Victoria’s Secret, the women’s lingerie brand faltering in the #MeToo era, is also taking a hit from its most important employees: Models who say they’re fed up with its failure to protect women and girls from sexual harassment and abuse on the job.
More than 100 models, led by the Model Alliance, have signed an open letter to the company CEO calling on Victoria’s Secret to “take meaningful action to protect its talent and those who aspire to work with the company.”
Specifically, the models want the company to sign up for “The RESPECT Program,” a Model Alliance-designed anti-sexual harassment scheme that demands signatory companies require their employees, agents, vendors, photographers and other contractors to “follow a code of conduct that protects everyone’s safety on the job, and reduces models’ vulnerability to mistreatment.”

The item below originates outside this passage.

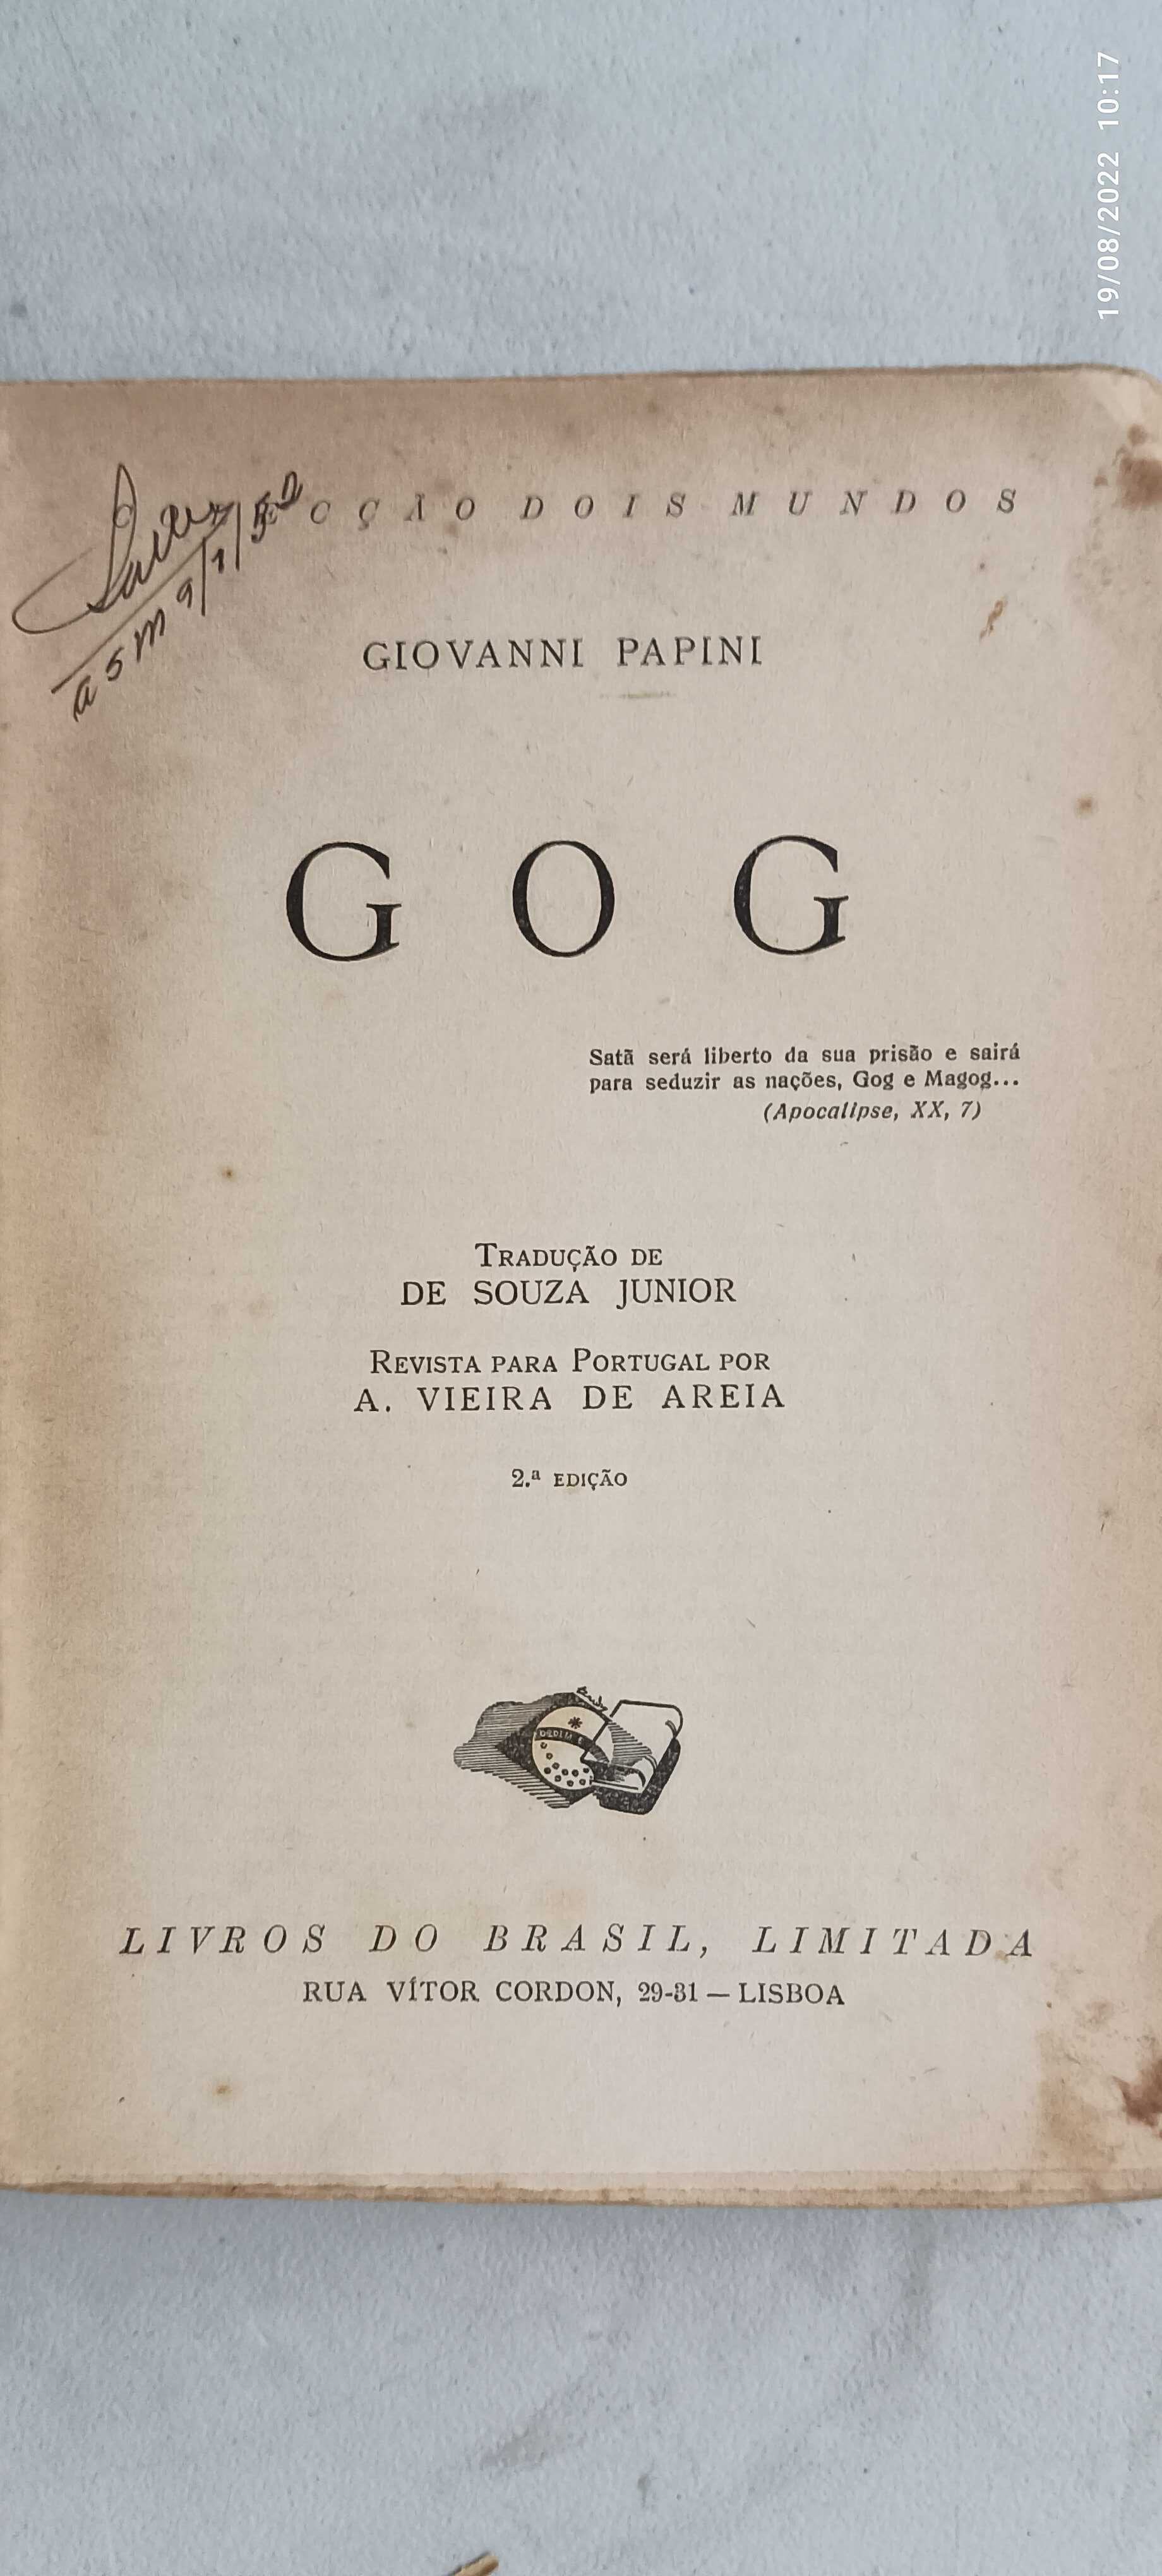 Livros Pa-3 - Giovanni Papini - GOG

The letter to CEO John Mehas, posted online Tuesday, comes after weeks of media revelations about allegations of sexual assault, alleged rape and sex-trafficking of models and aspiring models, the petition says.
Even more poisonous is the recent news of the indictment and arrest of convicted sex offender and financier Jeffrey Epstein, a close friend of Leslie Wexner, the CEO of L Brands, Victoria’s Secret’s parent company. (A spokeswoman for Wexner told the New York Times that he “severed ties” with Epstein about a decade ago.)
“While these allegations may not have been aimed at Victoria’s Secret directly, it is clear that your company has a crucial role to play in remedying the situation,” the models’ letter says.
“From the headlines about (Epstein) to the allegations of sexual misconduct by photographers Timur Emek, David Bellemere, and Greg Kadel, it is deeply disturbing that these men appear to have leveraged their working relationships with Victoria’s Secret to lure and abuse vulnerable girls.
“These stories are gut-wrenching and hit close to home for many of us who have encountered these kinds of abuses that are too often tolerated in our industry,” the petition says.